The Study is a still photograph of reality, taken with great concern for absolute honesty, that is without trying to make the law say what one wishes it would say. I am convinced that this is what lends the study international credibility.1

  1. Introduction

    In 2005, the International Committee of the Red Cross (ICRC)2

    issued its 5000-page study, Customary International Humanitarian Law3

    (the Study), examining what the U.S. military refers to as the law of war or law of armed conflict.4 The ICRC's press release accompanying the Study states that the organization took the process very seriously, spending more than eight years to research and consult with experts, and touts the project as "the most comprehensive and thorough study of its kind to date."5 Unfortunately, one need not spend much time reading the Study before concluding that there are serious flaws in its authors' method of determining what is and what is not customary international law (CIL).6 These methodological flaws led its authors to declare as rules of CIL what can only be described as lex ferenda (what the law should be) as opposed to lex lata (what the law is), diluting the credibility of the final product. This is unfortunate, as international and operational law practitioners certainly could have benefitted from an authoritative reference on customary international humanitarian law. The Study, however, fails to deliver because too many of its rules represent lex ferenda rules with insufficient evidence of state practice or opinio juris,7 the two requirements for the formation of CIL.8 Much of the Study, therefore, is not an accurate still photograph of reality, but rather, represents the ICRC's idealistic notion of what states should consider customary international humanitarian law.

    Rule 45 of the ICRC Study, the main subject of this article, is a lex ferenda rule. This article will consider Rule 45 because it well illustrates the lex ferenda nature of the Study and is a good means by which to highlight the Study's main flaws. Rule 45 states that "[t]he use of methods or means of warfare that are intended, or may be expected, to cause widespread, long-term and severe damage to the natural environment is prohibited. Destruction of the natural environment may not be used as a weapon."9 The first part of this rule is taken from Articles 35(3) and 55(1) of Additional Protocol I to the Geneva Conventions (AP I).10 The Study recognizes the United States, France, and the United Kingdom as "persistent objectors"11 with respect to all or part of this rule.12 Based on their unorthodox analysis of state practice and opinio juris, the Study's authors nevertheless determined that the rule has ripened into CIL not only in international armed conflict,13 but also, arguably, in non-international armed conflict.14

    Rule 45 is a paradigmatic example of the ways the Study's authors failed in this monumental and otherwise laudable project. Rule 45 showcases the Study's modern approach to CIL by elevating aspiration over empirical proof of actual state practice.15 The ICRC's discussion of the state practice that forms the basis for this rule is symptomatic of its faulty methodological approach to achieve a lex ferenda result. As Rule 45 demonstrates, the Study's authors assigned inordinate weight to verbal "practice" such as military manuals and resolutions of the U.N. General Assembly.16 In addition, Rule 45 demonstrates the Study's skewed understanding of the role of opinio juris. Its authors seem to conclude that if there is enough mention of the "rule" in military manuals and other questionable sources of verbal practice, then the opinio juris prong of CIL is also met.17 Finally, Rule 45 illustrates that the Study paid insufficient heed to two important CIL doctrines, specially affected states18 and persistent objection, in developing its rules of customary international humanitarian law.

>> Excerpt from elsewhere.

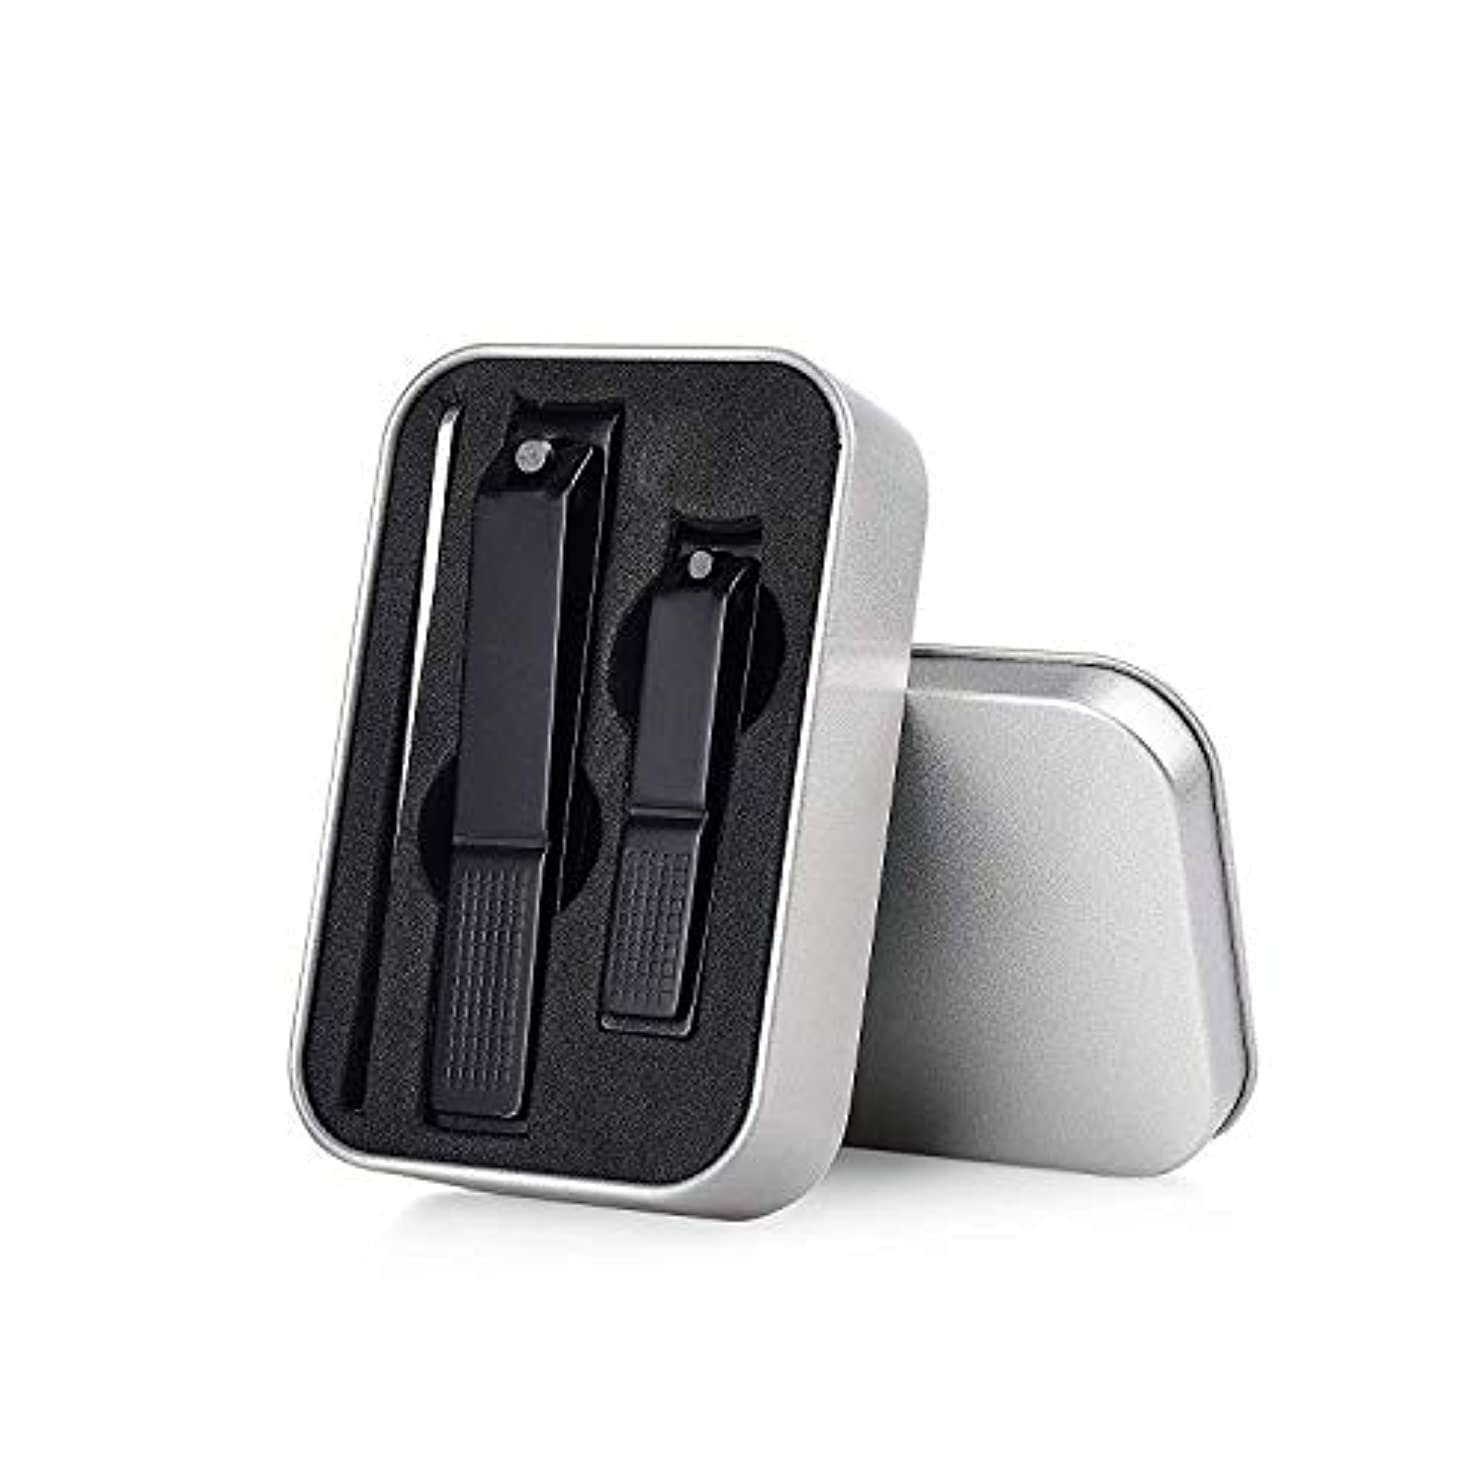 演じるシャット同様に爪&爪+爪やすり(クリーナー)用3ピースネイルクリッパーキット(トラベルケース付き)-シャープネイルカッターセット、満足度100%返金保証

    Because a comprehensive analysis of the methodology used by the Study's authors could easily fill a book,19 this article will focus on Rule 45 as a lens through which one may assess the methodological approach employed by the Study. The article begins with a brief discussion of CIL. It is impossible for one to critically analyze the Study without some discussion of what CIL is, how it is formed, and why it is both important and controversial. After discussing CIL, the article will discuss the Study as a whole, particularly how the authors described their methodology. Then it will consider the authors' application of their stated approach to Rule 45, discussing first their description of the rule and second the evidence they provided in its defense. The article will conclude by analyzing the three principal flaws inherent in the authors' methodological approach to Rule 45: (1) marginalizing traditional CIL doctrines, (2) overemphasizing verbal practice of unclear and dubious weight, and (3) promoting lex ferenda. This analysis will demonstrate that not only Rule 45 but perhaps the rest of the Study's 161 rules should be viewed with suspicion by anyone seeking an authoritative statement of customary international humanitarian law.20

  2. Customary International Law (CIL) and the ICRC Study

    1. Customary International Law

      No single definition of CIL exists. Article 38 of the Statute of the International Court of Justice (ICJ) lists custom as a source of international law, describing it as "evidence of a general practice accepted as law."21 The Restatement (Third) of Foreign Relations Law of the United States describes it as "resulting from a general and consistent practice of States followed by them from a sense of legal obligation."22 Both of these descriptions contain what the international community recognizes as the two elements of CIL: the "objective" or "material" element of state practice, and the "subjective" or "psychological" element of opinio juris.23

      There is little disagreement over the basic description of CIL as stated above; there is a great deal of disagreement, however, over exactly how to characterize and consider its two elements.24 As one of the Study's authors, Jean-Marie Henckaerts, acknowledged, "the exact meaning and content of these two elements have been the subject of much academic writing."25 At the heart of debates over the elements of

      CIL is what has been described as their inherent circularity.26 This quality becomes evident when considering that CIL is only law if the opinio juris element is met, meaning states believe it is the law.27 But why would a state believe something is the law unless the law already contained the required sense of legal obligation?28 "So it appears that opinio juris is necessary for there to be a rule of law, and a rule of law is necessary for there to be opinio juris."29

      Another controversial issue associated with CIL formation is one of proof. What suffices as evidence of state practice? How do we determine what states recognize as opinio juris? As will be seen, the Study's answer to these questions is to consider a wide variety of sources, including both physical and verbal acts of states, when analyzing state practice and opinio juris. The approach the Study's authors used, however, tends to conflate the two elements; if there are enough sources of physical and especially verbal "practice"-the sources cataloged in Volume II of the Study-then a state is deemed to believe that the "custom" is in fact legally obligatory.30 To follow this approach is to stray from CIL orthodoxy, which requires a separate showing of general and consistent state practice and opinio juris.31

      The state practice element of CIL requires generality and consistency of practice between states and is the element upon which CIL traditionalists tend to focus. 32 The traditional approach to CIL

      emphasizes empirical, objective proof of state practice over normative statements, which may or may not establish what states collectively believe the law is or should be.33 This approach is empirical, objective, and inductive: custom is derived from specific instances of state conduct.34 What is interesting about the ICRC Study is that it labels its evidence, almost all of which is statement-based rather than physical, as state practice.35 It almost seems as if the Study's authors are cloaking their statement-based, modern approach to CIL in the language of tradition, perhaps to be seen as being more traditional in their approach to CIL formation than they actually are.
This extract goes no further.